Reputation: 6872
I am using a zookeeper ensemble of 3 nodes running 3.4.13. Sometimes after reboot of machine zookeeper is not starting in one of the node and I am seeing the below errors in logs
2019-08-19 04:18:36,906 [myid:2] - ERROR [main:QuorumPeer@692] - Unable to load database on disk
java.io.IOException: The current epoch, 7, is older than the last zxid, 34359738370
at org.apache.zookeeper.server.quorum.QuorumPeer.loadDataBase(QuorumPeer.java:674)
at org.apache.zookeeper.server.quorum.QuorumPeer.start(QuorumPeer.java:635)
at org.apache.zookeeper.server.quorum.QuorumPeerMain.runFromConfig(QuorumPeerMain.java:170)
at org.apache.zookeeper.server.quorum.QuorumPeerMain.initializeAndRun(QuorumPeerMain.java:114)

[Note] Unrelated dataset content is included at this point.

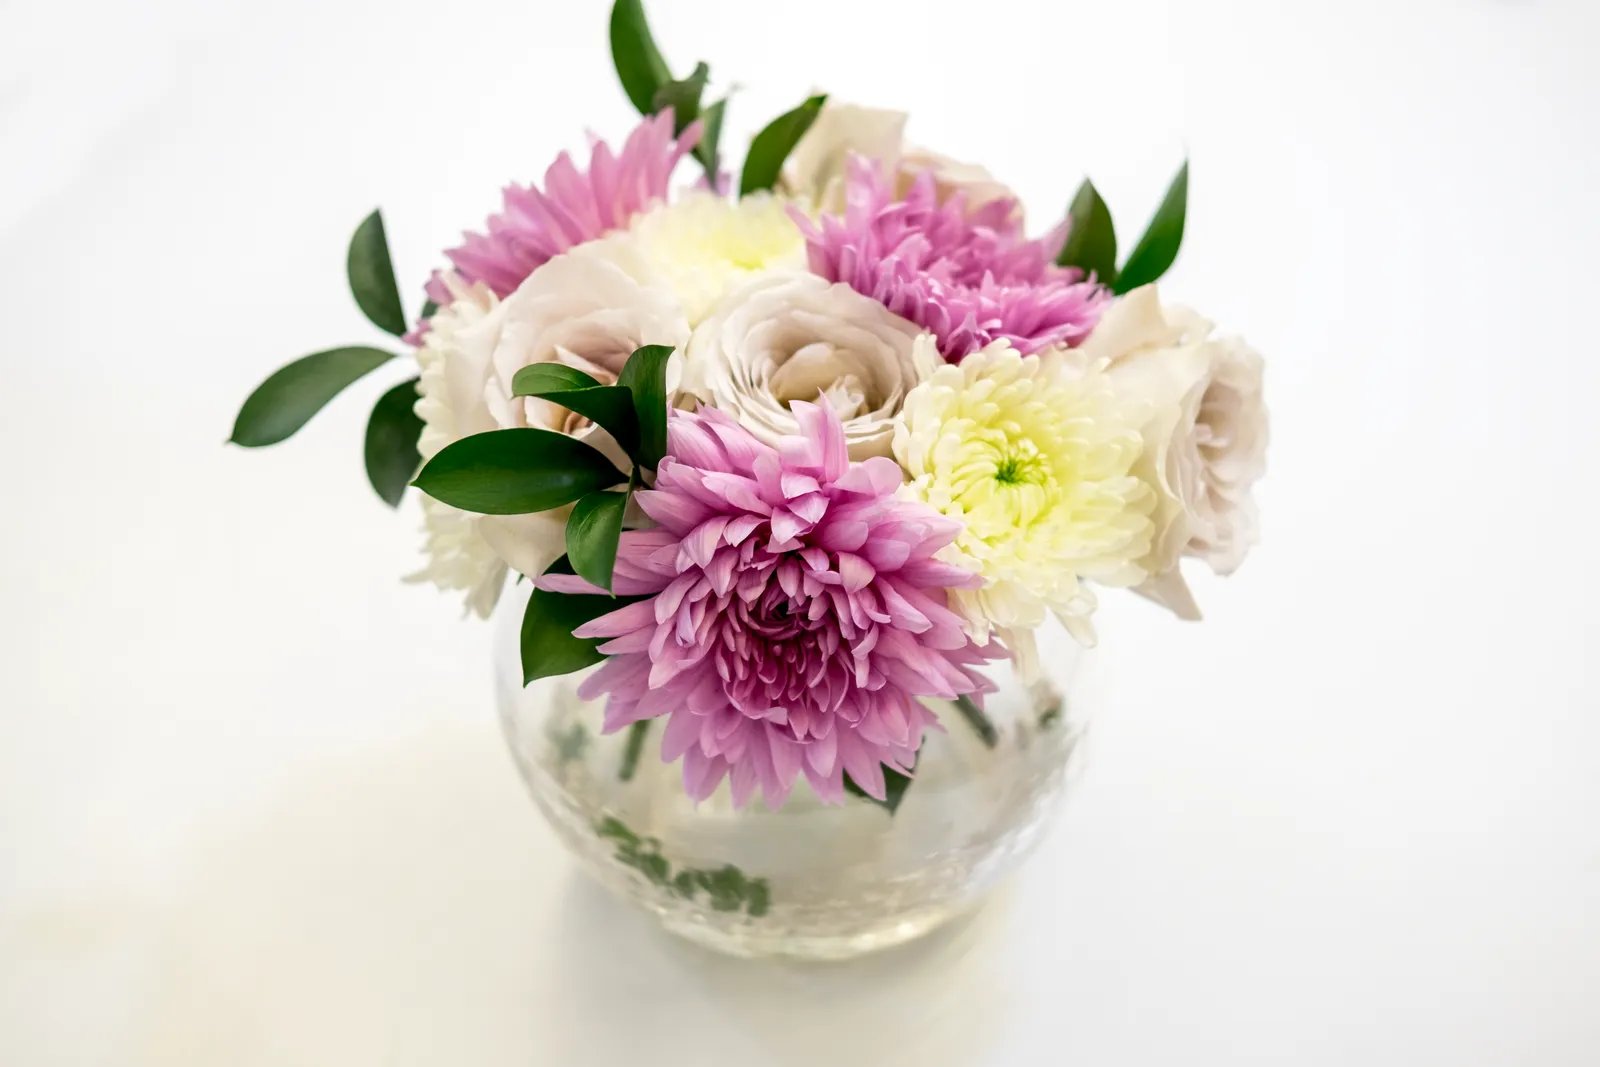 How To Make Flower Arrangements In A Vase

at org.apache.zookeeper.server.quorum.QuorumPeerMain.main(QuorumPeerMain.java:81)
2019-08-19 04:18:36,908 [myid:2] - ERROR [main:QuorumPeerMain@92] - Unexpected exception, exiting abnormally
java.lang.RuntimeException: Unable to run quorum server
at org.apache.zookeeper.server.quorum.QuorumPeer.loadDataBase(QuorumPeer.java:693)
at org.apache.zookeeper.server.quorum.QuorumPeer.start(QuorumPeer.java:635)
at org.apache.zookeeper.server.quorum.QuorumPeerMain.runFromConfig(QuorumPeerMain.java:170)
at org.apache.zookeeper.server.quorum.QuorumPeerMain.initializeAndRun(QuorumPeerMain.java:114)
at org.apache.zookeeper.server.quorum.QuorumPeerMain.main(QuorumPeerMain.java:81)
Caused by: java.io.IOException: The current epoch, 7, is older than the last zxid, 34359738370
at org.apache.zookeeper.server.quorum.QuorumPeer.loadDataBase(QuorumPeer.java:674)
... 4 more----
I have seen ZOOKEEPER-2354 and the symptoms look similar.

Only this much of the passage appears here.